What is the benefit here? The false justification offered by Sessions and his Justice Department, and repeated in Ross’s decision memo, is that this question is critical for Voting Rights Act enforcement. That argument is a bitter lie, laced with cruel irony. Consider that this is the same Sessions who has called the Voting Rights Act “intrusive” and has shown no compunction in flouting voting rights enshrined in law.

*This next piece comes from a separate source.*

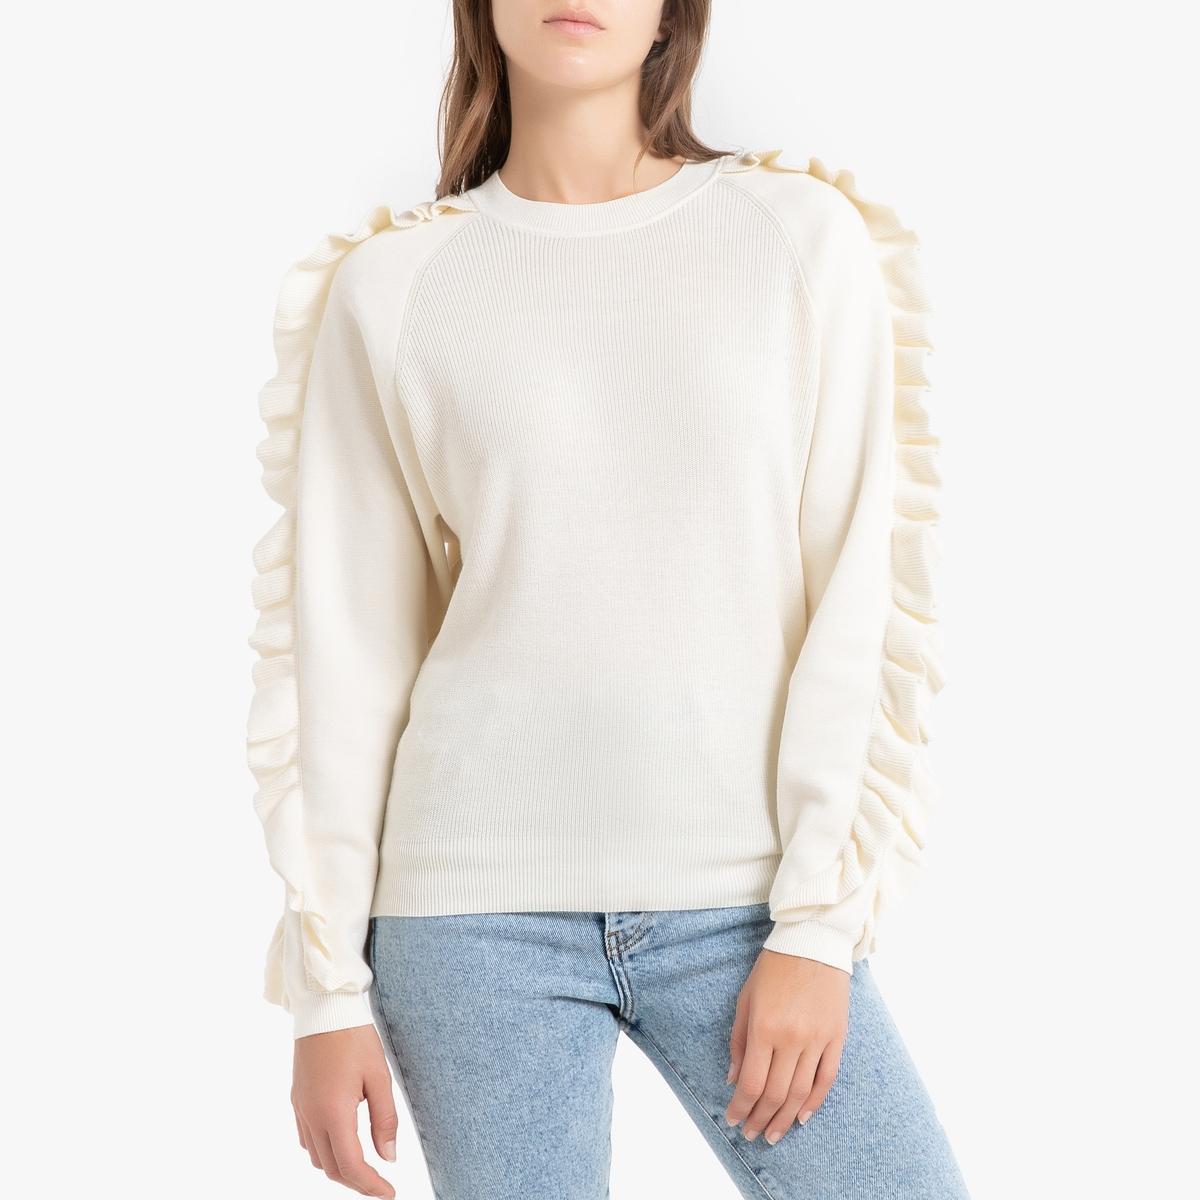 Пуловер La Redoute С круглым вырезом и воланами из тонкого трикотажа CIEL 2(M) бежевый пуловер la redoute с круглым вырезом из тонкого трикотажа m красный
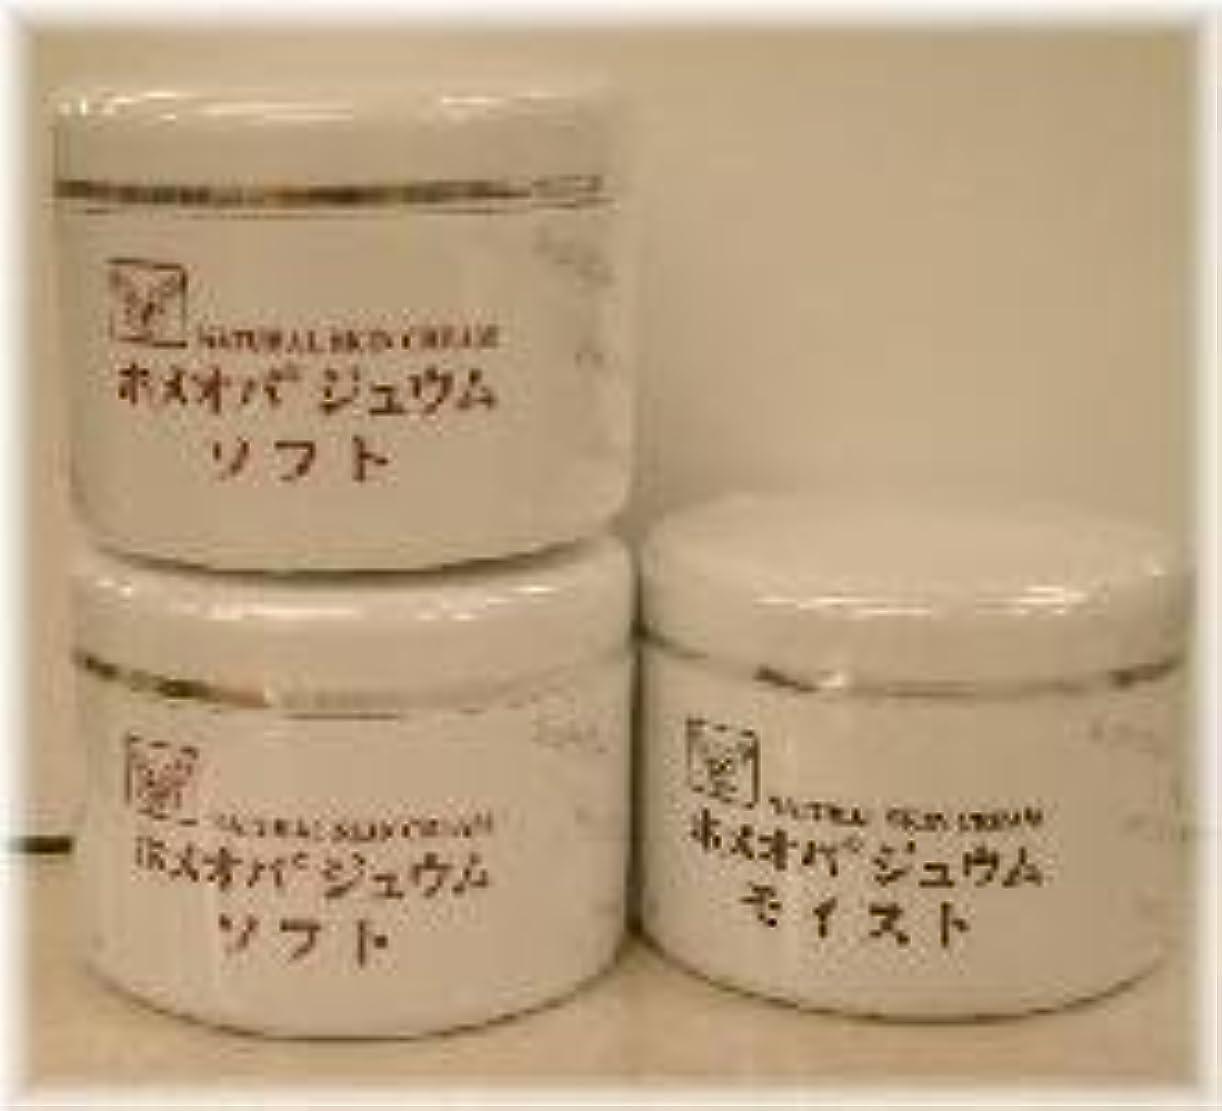 スタック処理軌道ホメオパジュウム スキンケア商品3点 ¥10500クリームソフト2個+クリームモイスト

During the final years of the Obama administration, I was the Justice Department official responsible for overseeing voting rights enforcement. I know firsthand that data from the ongoing American Community Survey was sufficient for us to do our work. Rigorous enforcement of the Voting Rights Act has never required the addition of a citizenship question on the census form sent to all households. In fact, the census has not collected citizenship data from every household since the enactment of the Voting Rights Act in 1965. The last time this question was asked of everyone, this country was in a pre-civil rights era when communities of color were systematically undercounted and underrepresented. The Trump-Sessions-Ross argument is a red herring.
But these arguments should sound familiar. The notorious Kris Kobach and other advocates for voter suppression laws have pushed this question before — spurring legitimate suspicion from public officials and other stakeholders who wonder why the Trump administration would seek to undermine an accurate 2020 Census. The Trump campaign and Republican National Committee validated those suspicions last week by baring their partisan, nativist intentions in a fundraising email forecasting this decision, telling recipients “the President wants to know if you’re on his side.”
There should be no “side” when it comes to the census; it is foundational to our representative form of government. Civil rights advocates are preparing litigation. California has already filed a lawsuit, and New York has announced plans to lead a multistate legal effort to oppose this move. Members of Congress are also weighing in, because they can undo this.
The census is a sacred trust. The goal of an accurate count has been, and should remain, a nonpartisan one. Our democracy depends on it.